В последней фразе прозвучала едва заметная ирония вперемежку с презрением. Васька понял, что Федька не может себе позволить опуститься так низко, дабы не уподобиться какому-нибудь крестьянину-граку. И очень этому обстоятельству порадовался. Если в захоронении будет что-то стоящее, то Ваське плевать на осуждение ряженого фармазона Графчика. К тому же и делиться с ним не придется, что совсем уж хорошо.
— Спасибо, Графчик… — Васька поднялся. — Не забуду… Бывай.
С этими словами Шнырь и покинул «малину» Остапа Кучера.
После его ухода Графчик какое-то время сидел молча, с пристальным вниманием разглядывая пузырьки углекислого газа, поднимающиеся со дна бокала с шампанским, а затем сильно щелкнул пальцами. Позади него раздвинулись портьеры, и появился ближайший помощник и телохранитель Федьки, коренастый здоровяк по кличке Серега Матрос.
— Все слышал? — спросил его Графчик.
— А как же, — ответил Матрос, запихивая наган за пояс под рубаху — она была навыпуск.
Когда половой сообщил, что Васька Шнырь желает встретиться с Графчиком, Матрос, как обычно, спрятался в нише и взял посетителя на прицел. Уж больно времена пошли лихие. Война подняла со дна всю человеческую муть, и теперь даже в надежной «малине», где мазурики были под защитой воровских законов, иногда случались кровавые разборки.
— И что думаешь? — Графчик нервным движением сломал очередную папиросу и бросил ее в пепельницу.
— Ты разве не знаешь Шныря, — с ленцой ответил Матрос. — Как всегда, мутит.

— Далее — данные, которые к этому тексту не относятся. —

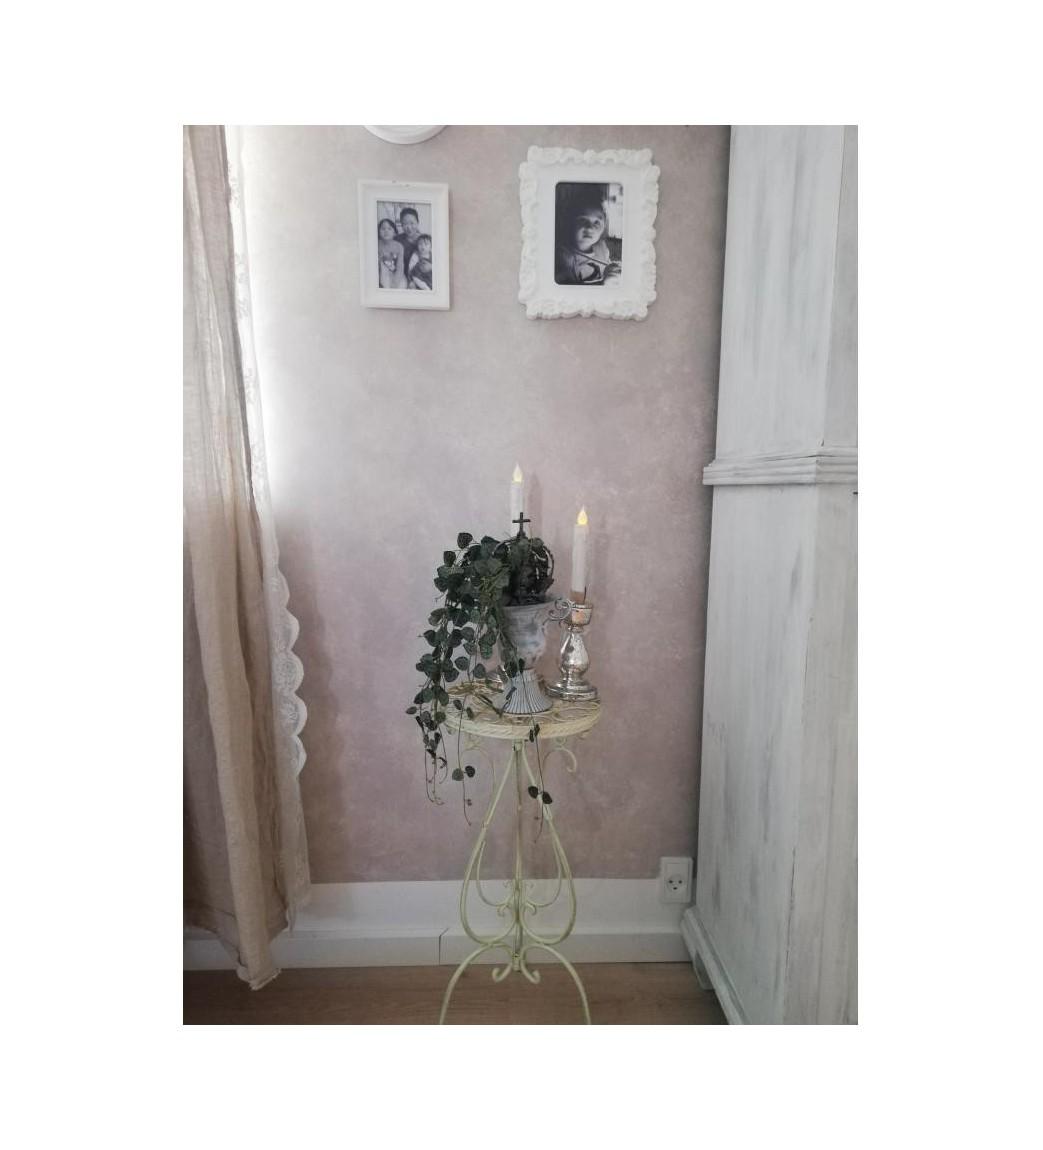 Creme bord med liljer Ø: 26 cm.  - 1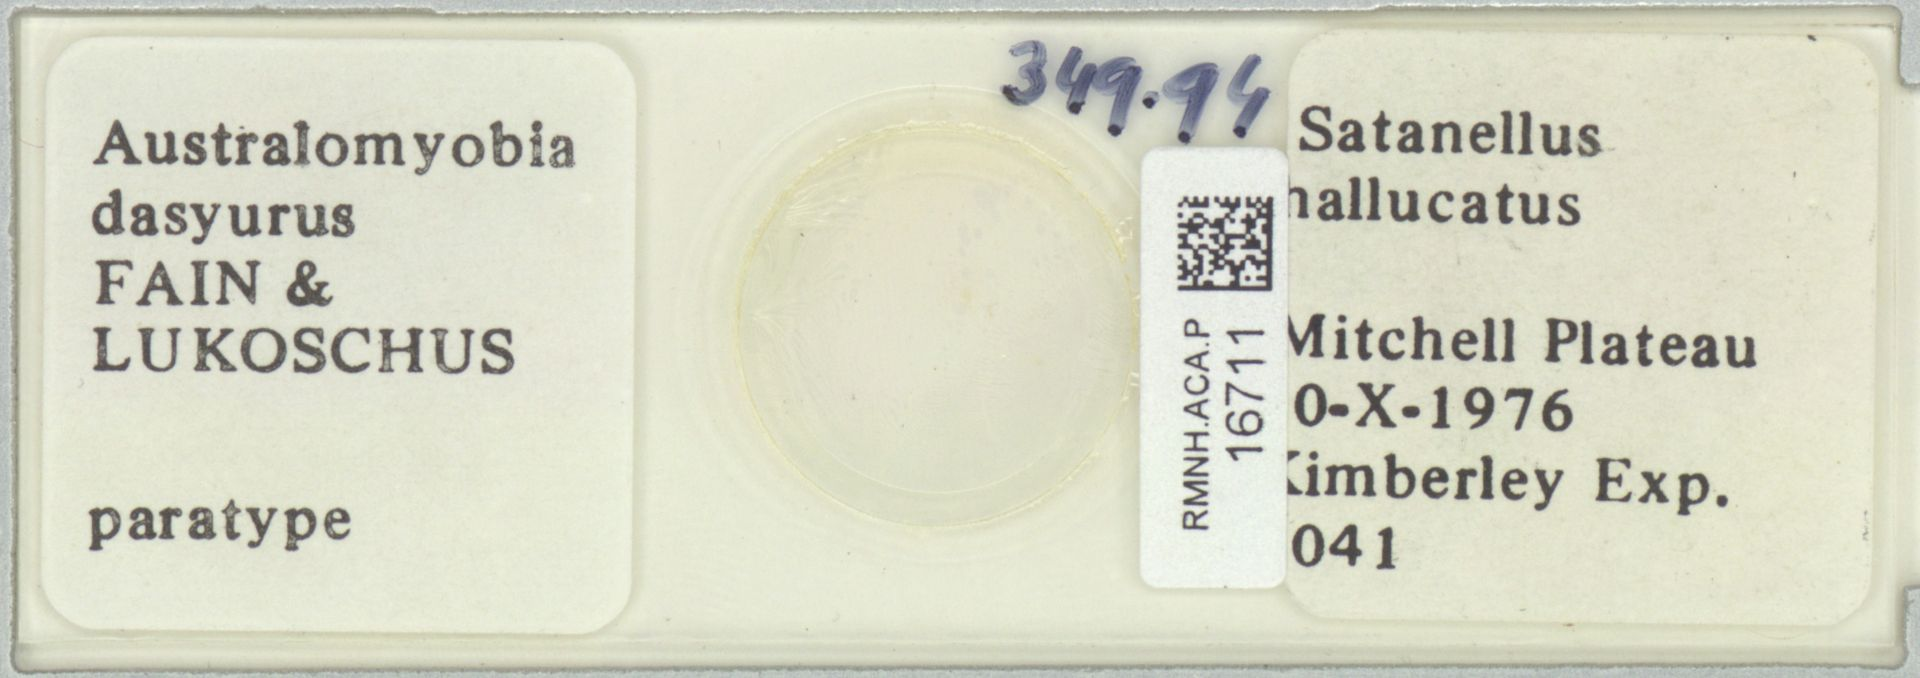 RMNH.ACA.P.16711 | Australomyobia dasyurus

Не верю я в эти сказочки.
— Вот и я… не верю. Может, зря? Надо покумекать. А пока… Вот что, Матрос, подбери из блатной
[25]
шпаны несколько смышленых архаровцев, и пусть они не спускают глаз со Шныря. Ты и возглавишь эту банду. Чтобы не напортачили. Шнырь хитер… Вдруг и вправду что-то нарисуется. Для нас главное — узнать, где та могилка. А раскопать ее мы и сами сумеем. Найдем что-нибудь — хорошо, не найдем — значит, фарт не наш. Всего-то делов.